Am I chasing past performance?

In a sense. I base my return expectations on roughly the past century of real stock returns less some margin for safety. But I don’t chase recent past outperformance.

Am I imagining that past market scenarios were easier than they really were at the time?

I know that we are all prone to 20/20 hindsight. However, this isn’t relevant to buy-and-hold index investors.

Is this data important or just interesting?

I can only assume that this question is relevant to those looking for an edge over the markets. I’m not seeking such an edge other than accepting short-term volatility in exchange for higher expected returns.

Am I working with a marketing firm or an investment firm?

I own Vanguard ETFs. Vanguard is definitely an investment firm.

How did I react during past periods of market turmoil?

I slept fine and didn’t sell during the tech crash and then again during the 2008-2009 financial crisis.

Do I really understand my appetite for risk?

My biggest test was the 2008-2009 financial crisis, and I didn’t have any trouble.

Am I practicing first or second level thinking?

I strive to use second-level thinking for most things in my life, but it isn’t necessary for index investing as long as I don’t stray toward making some active bets.

Does this person have my best interests in mind?

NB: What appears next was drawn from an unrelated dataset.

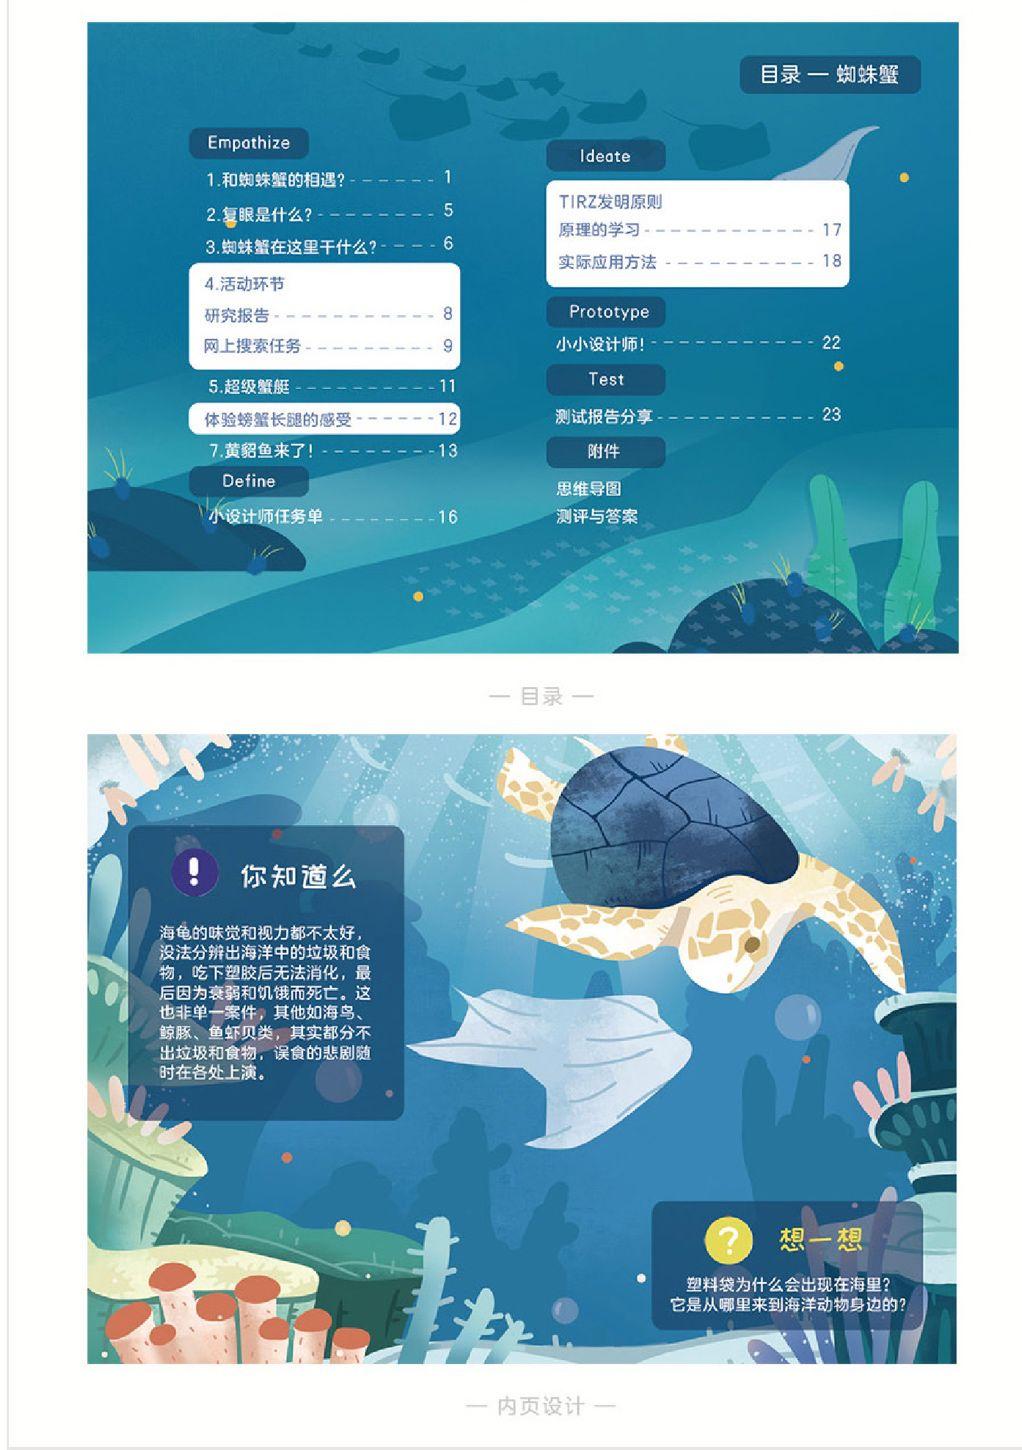 上海模具技术协会_福建省包装饮用水协会_上海包装技术协会

I assume most people don’t have my best interests in mind.

Can I stick with my process when things don’t go as planned in the future?

My plan allows for significant volatility of year-to-year returns. So, it would be difficult for things to work out differently from my plan. However, I believe I can stick to my process.

Am I anchoring to a bad investment or staying disciplined to a good process?

This is another question more relevant to active investors. Anchoring doesn’t seem to be a problem for index investing.

One thing that should have been clear reading through all these questions and answers is that index investing is a lot simpler than trying to beat the market in one way or another.